Jumping to his feet, Vrrmik met the charging dwarfs. There were five of them. He swung the warhammer full into the side of the first dwarf, crumpling his steel shield as though it were a mouldy leaf, hurling the dwarf across the cavern with such force that his armoured body left an impact crater inches deep in the rock wall. The other dwarfs tried to put up a better fight, but the dire combination of Drakdrazh and Vrrmik’s vicious, warpweed-enhanced strength was too great for them to overcome. One by one, they died.
Vrrmik exulted in the carnage, savouring the smell of blood as he reduced his enemies to pulp. What need to hide behind his stormvermin (though those treacherous flea-licking mice would suffer for abandoning him) when he was a veritable demigod of battle! An avatar of the Horned One raining death and destruction upon all those mad enough to oppose him!

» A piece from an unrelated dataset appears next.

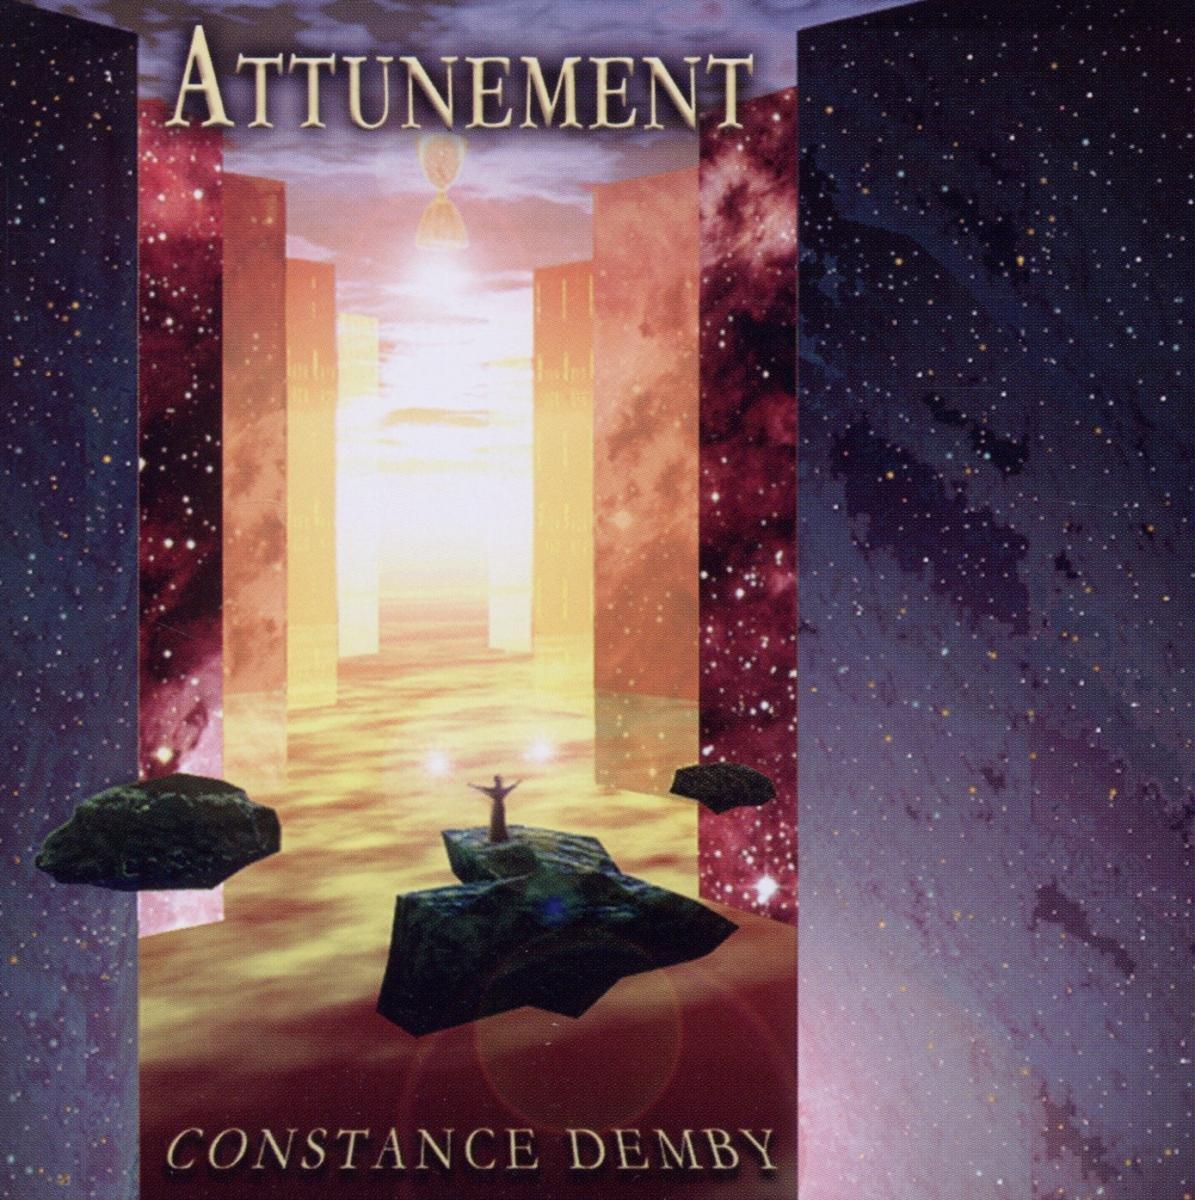 Attunement by CD Baby

The last dwarf turned and ran, even the stubborn courage of his kind incapable of enduring Vrrmik’s murderous havoc. The warlord watched him flee, debating whether he should allow the wretch to tell others of what he had seen or whether to smash him into paste as he had the dwarf’s comrades. Vrrmik wondered if he could swing Drakdrazh lightly enough to merely maim the dwarf. That would give him the best of both choices.
The scent of human in the air caused Vrrmik to hesitate and allow the dwarf to flee back behind the ranks of his kind. The warlord’s whiskers twitched as his cunning restrained his bestial bloodlust. There were far more important things to consider than the slaughter of a few dwarfs. Oh yes, much more important things!